Connect to the Wallaroo Instance

The first step is to connect to Wallaroo through the Wallaroo client. The Python library is included in the Wallaroo install and available through the Jupyter Hub interface provided with your Wallaroo environment.

This is accomplished using the wallaroo.Client() command, which provides a URL to grant the SDK permission to your specific Wallaroo environment. When displayed, enter the URL into a browser and confirm permissions. Store the connection into a variable that can be referenced later.

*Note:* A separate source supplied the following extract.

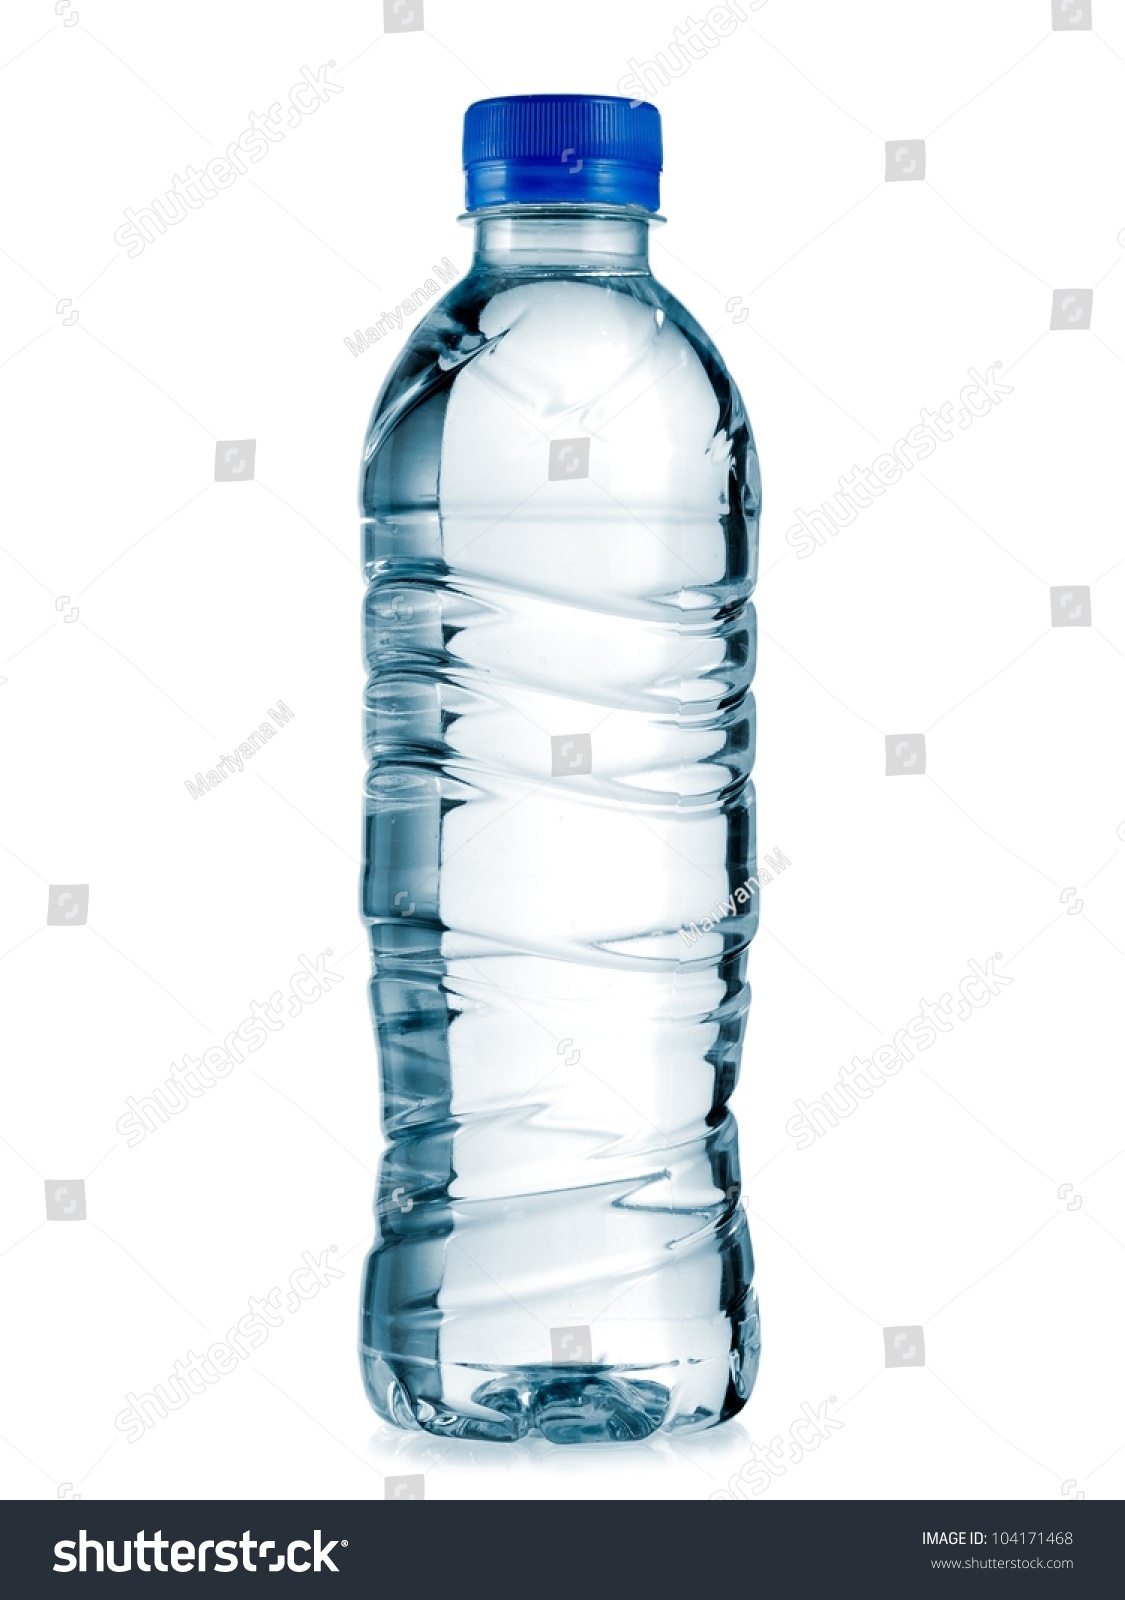 Small water bottle #104171468

If logging into the Wallaroo instance through the internal JupyterHub service, use wl = wallaroo.Client(). For more information on Wallaroo Client settings, see the Client Connection guide.

wl = wallaroo.Client()

Configure PyArrow Schema

You can find more info on the available inputs under TextSummarizationInputs or under the official source code from 🤗 Hugging Face.

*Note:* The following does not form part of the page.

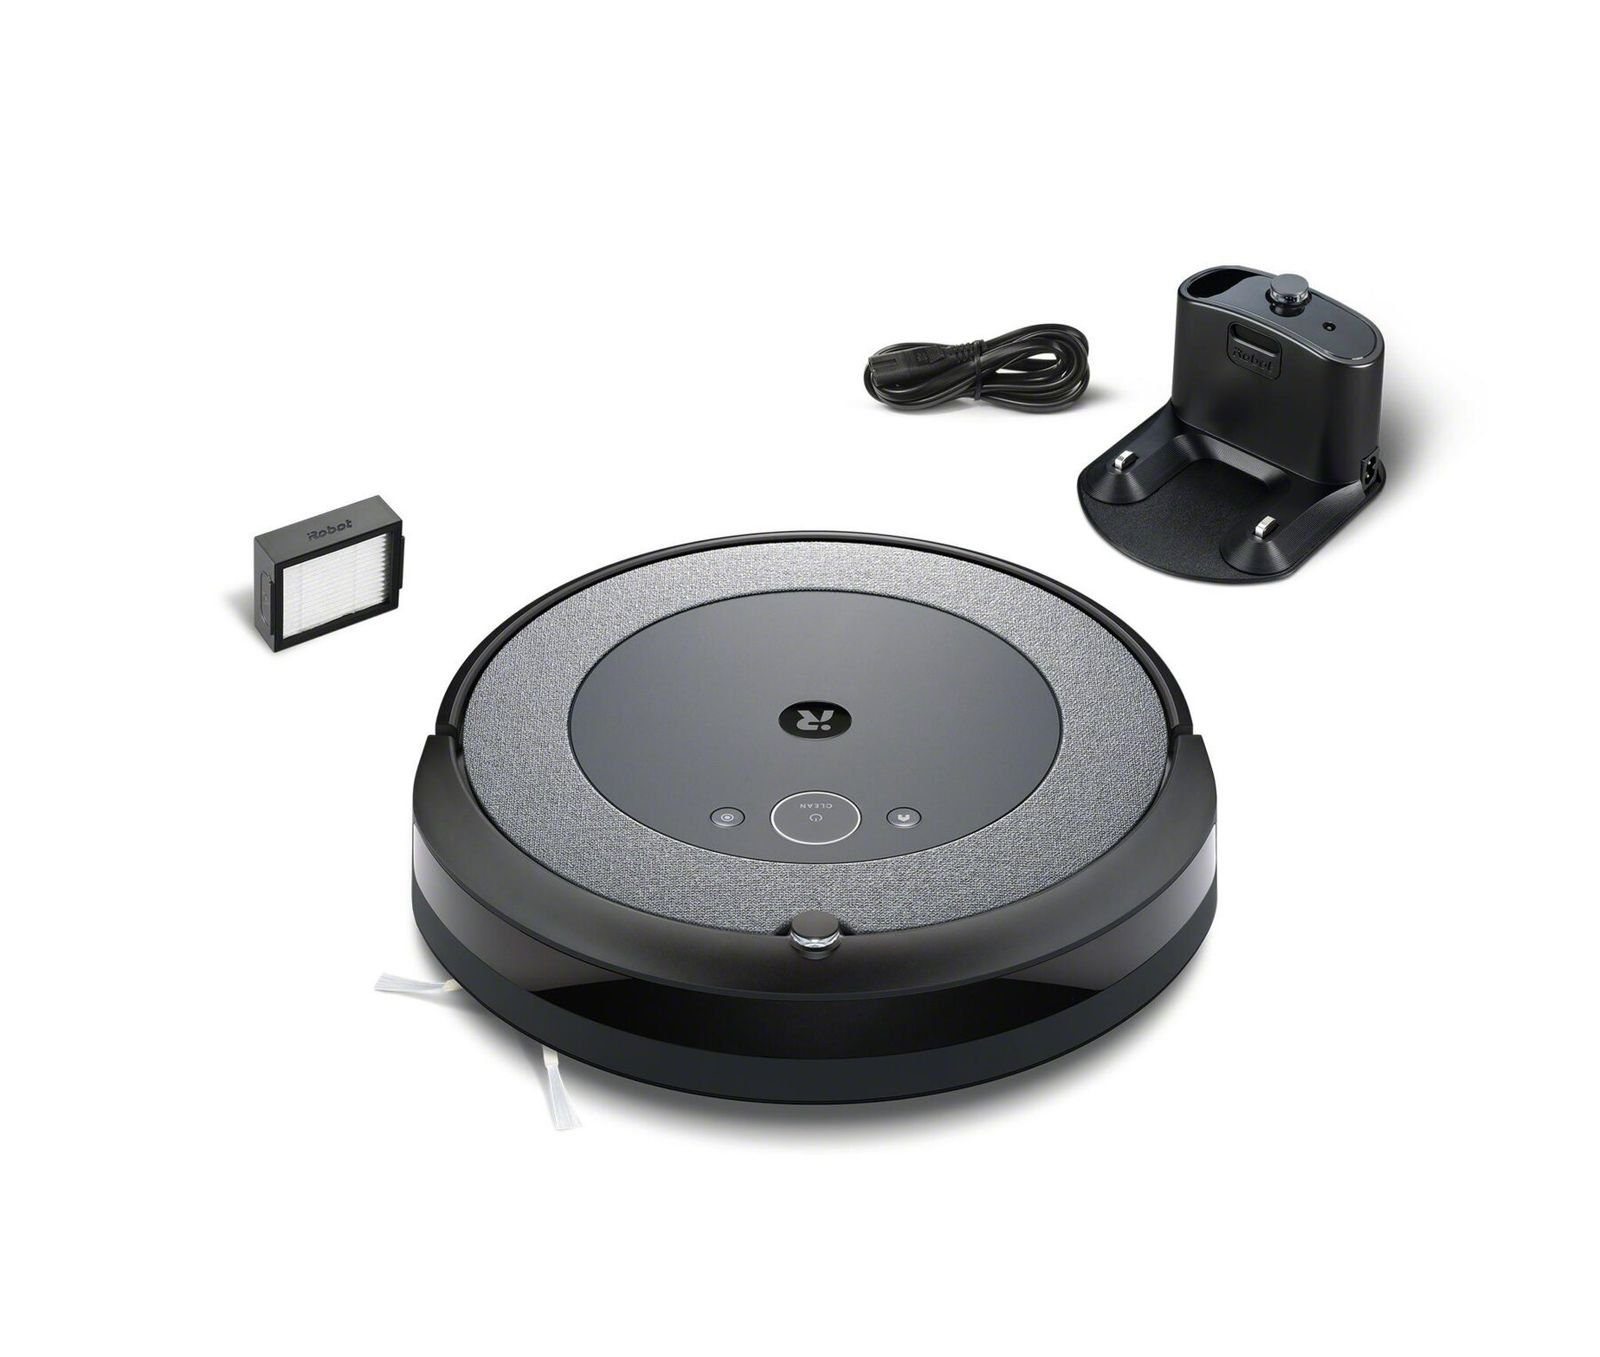 Roomba Saugroboter iRobot i5

input_schema = pa.schema([
    pa.field('inputs', pa.string()),
    pa.field('return_text', pa.bool_()),
    pa.field('return_tensors', pa.bool_()),
    pa.field('clean_up_tokenization_spaces', pa.bool_()),
    # pa.field('generate_kwargs', pa.map_(pa.string(), pa.null())), # dictionaries are not currently supported by the engine
])

output_schema = pa.schema([
    pa.field('summary_text', pa.string()),
])

Upload Model

We will now create or connect to our pipeline and upload the model. We will set the architecture of the model to ARM for its deployment.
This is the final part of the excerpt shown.